Last but not least, you are not making you tissues longer and you cannot stretch out your IT band. Chaudhry et al. in 2008 proposed a three-dimensional mathematical model for fascial deformation. They found that in the case of fascia lata (TFL), a predicted normal load of 9075 N (925 kg) and a tangential force of 4515 N (460 kg) are needed to produce even 1% compression and 1% shear. Such forces are far beyond the physiologic range of manual therapy. Putting these numbers into perspective, it’s like taking your TFL and hanging both a cow and a pig from it, only have that tissue stretch by 1%. Yea… So, basically, your hands are not going to be able to put the weight two domestic farm animals into someone’s tissue. Also, when it comes to making your muscles longer, it can be done, but not by foam rolling or your normal stretching routine. Making your muscles actually longer means that one must add sarcomeres (muscle cell) to it, which is achieved by either splinting yourself in a seriously stretched and uncomfortable position for a long period of time, or through eccentric exercise.

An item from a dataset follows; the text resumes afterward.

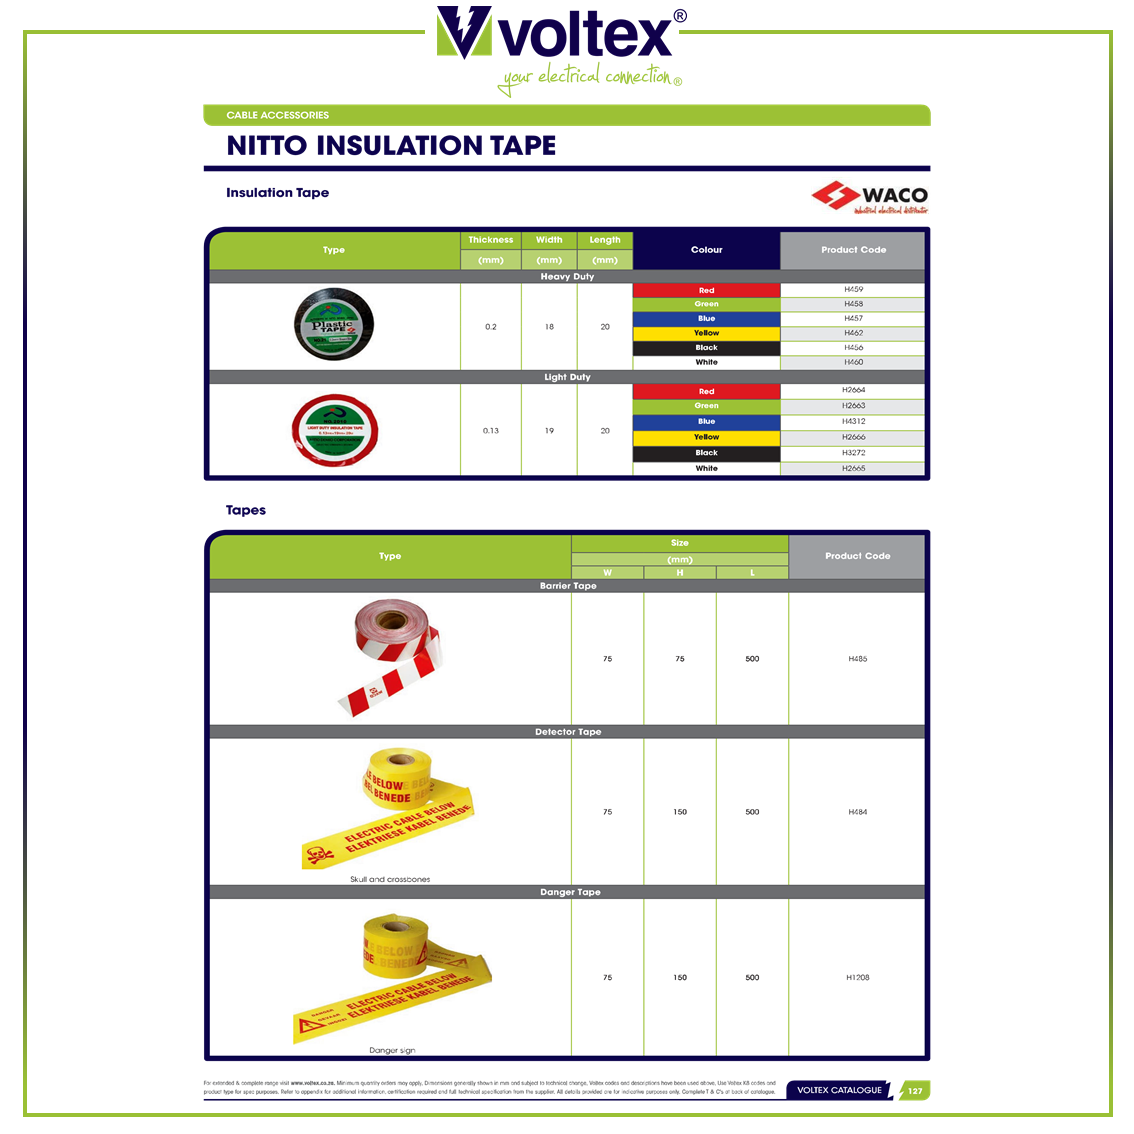 VOLTEX - Nitto Insulation Tape Catalogue

- There are other proposed mechanisms as to why SMR works but it most likely activates neurological receptors in skin, fascia, and muscle to produce the effects observed.
- SMR helps increase joint range of motion in the short term when performed for 30 seconds to 1 minute 2-5 times at a moderate pace (think 1 inch per second)
- SMR decreases the effects of DOMS when performed for 20 minutes post strenuous exercise
- SMR does not increase muscle or fascia length
- SMR does not improve muscle performance or output
- SMR does not break up scar tissue
- We still do not know 100% why it works…but it works
Hope this helped give a slightly more rational perspective on foam rolling but again it’s important to understand that a lot of proposed mechanisms are still being studied. All in all, SMR is useful but don’t go crazy making your entire gym or rehab session about it.